Das ist keine belastbare Aussage. Die Frage ist, ob diese Studien auch wissenschaftlich korrekt und überprüfbar sind, oder ob da bloß irgendwer ein bestimmtes Ziel verfolgt. Es gibt auch Studien, dass Tabakrauch unschädlich oder gar gesundheitsfördernd ist. Ich kann auch eine Studie machen, dass es möglich ist auf dem Mond zu atmen.


----------



## Zeiss (9. Oktober 2019)

P2063 schrieb:


> Meiner Meinung nach sollte man sowohl rauchen als auch dampfen in der Öffentlichkeit komplett verbieten.
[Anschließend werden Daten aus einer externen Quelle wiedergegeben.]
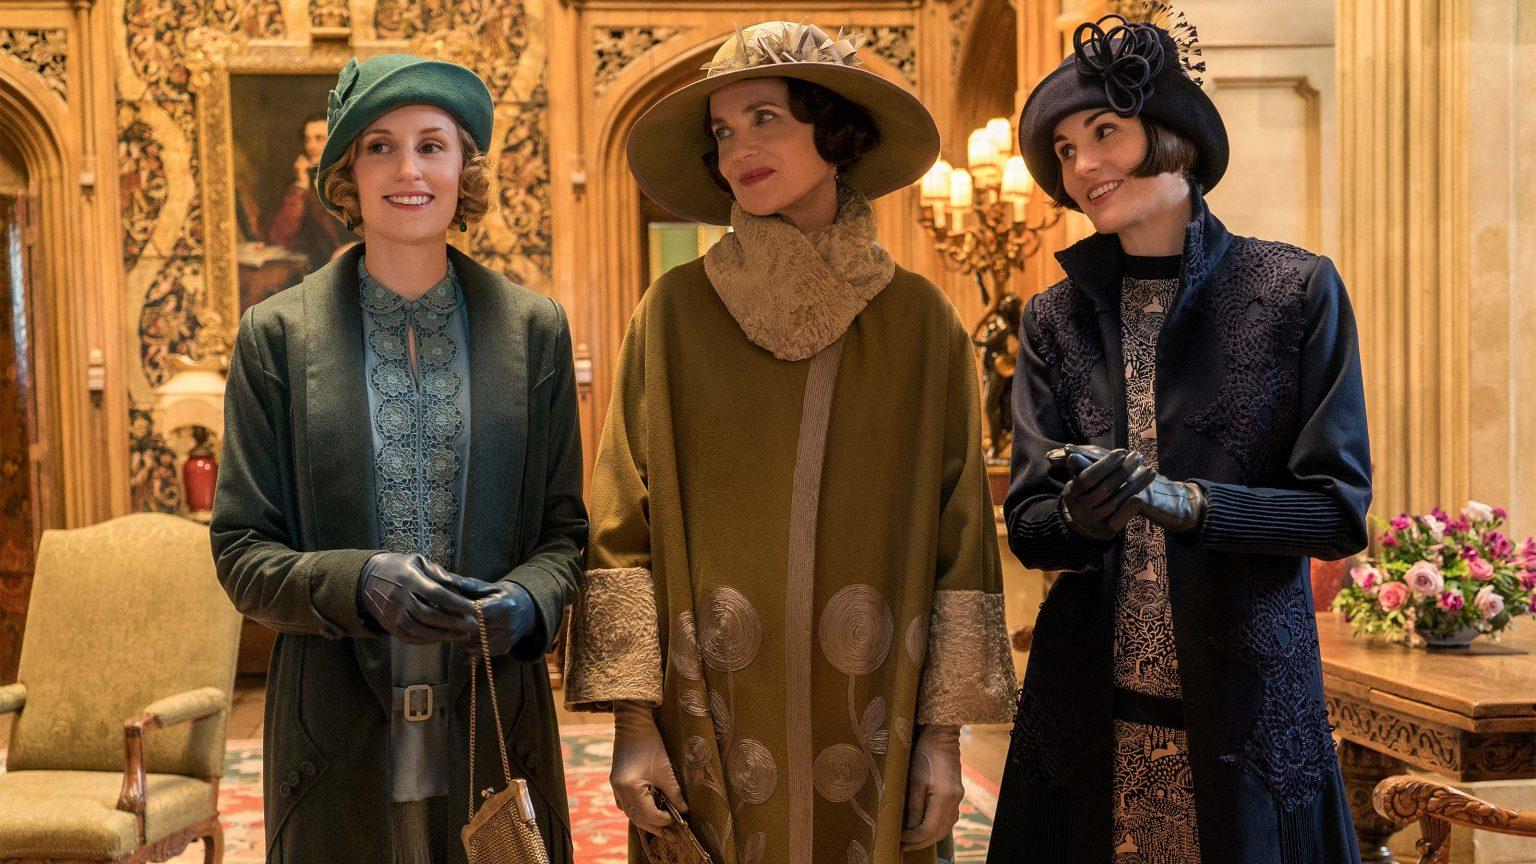 Slideshow: Downton Abbey Movie

Danke, sehe ich auch so. Wenn man auf dem Gehweg hinter so einem Dampfer her läuft, ist es echt nicht geil, wenn man so eine Wolke ins Gesicht bekommt, da kommt öfters mal alles hoch...


----------



## wuselsurfer (9. Oktober 2019)

amdahl schrieb:


> natürlicher Stoff = gut
> "chemischer" Stoff = schlecht


 Das rauchst / dampfst Du auch nur einmal:
Wolliger Fingerhut – Wikipedia  - obwohl natürlch.


----------



## Bauschaum7 (9. Oktober 2019)

Zeiss schrieb:


> Danke, sehe ich auch so. Wenn man auf dem Gehweg hinter so einem Dampfer her läuft, ist es echt nicht geil, wenn man so eine Wolke ins Gesicht bekommt, da kommt öfters mal alles hoch...



Das stimmt . 

Und wer spricht schon ne geile Olle an die dampft  ,...........   dann lieber eine geile Raucherin 

Mag sein das die Dampfer einen besseren blowjob machen  ^^


----------



## Zeiss (9. Oktober 2019)

Ob Dampfen oder Rauchen, der Sch**ss gehört in der Öffentlichkeit verboten!


----------



## Dragon AMD (9. Oktober 2019)

Zeiss schrieb:


> Ob Dampfen oder Rauchen, der Sch**ss gehört in der Öffentlichkeit verboten!


Dann musst du aber auch mehr Steuern zahlen.

Da dadurch auch viele Steuern eingenommen werden.

Dann noch Arbeitsplätze die wegfallen.

Gesendet von meinem SM-A520F mit Tapatalk


----------



## Bauschaum7 (9. Oktober 2019)

wenn ich auf der Straße bin  , komm ich mir auch manchmal vor als würde ich ein Aromaraumlufttester sein .

vielleicht ziehen sich die Dampfer ja das Selbe rein wie in den Raumdampfern,  im Hotel riechen die nicht schlecht  ^^
hmmm..... wer weiß


----------



## Zeiss (9. Oktober 2019)

Dragon AMD schrieb:


> Dann musst du aber auch mehr Steuern zahlen.
> 
> Da dadurch auch viele Steuern eingenommen werden.
> 
> Dann noch Arbeitsplätze die wegfallen.



Das wird dann durch die Wenigerausgaben der Versicherungen wieder ausgeglichen.
Und ich rede nicht von generell verbieten, sondern verbieten im öffentlichen Raum!!!


----------



## Bauschaum7 (9. Oktober 2019)

können wir nicht einfach die Pfanze Hanf entsperren ,  warum wird eigentlich eine Heilpfanze gesperrt ?  
Sind wir alle dumm !?

NöööHHH  ,  dann lieber Chemie   ^^

Nächstes Jahr pfanze ich mir auch welche in Gartennur  zur Zierde , die sehen echt cool aus .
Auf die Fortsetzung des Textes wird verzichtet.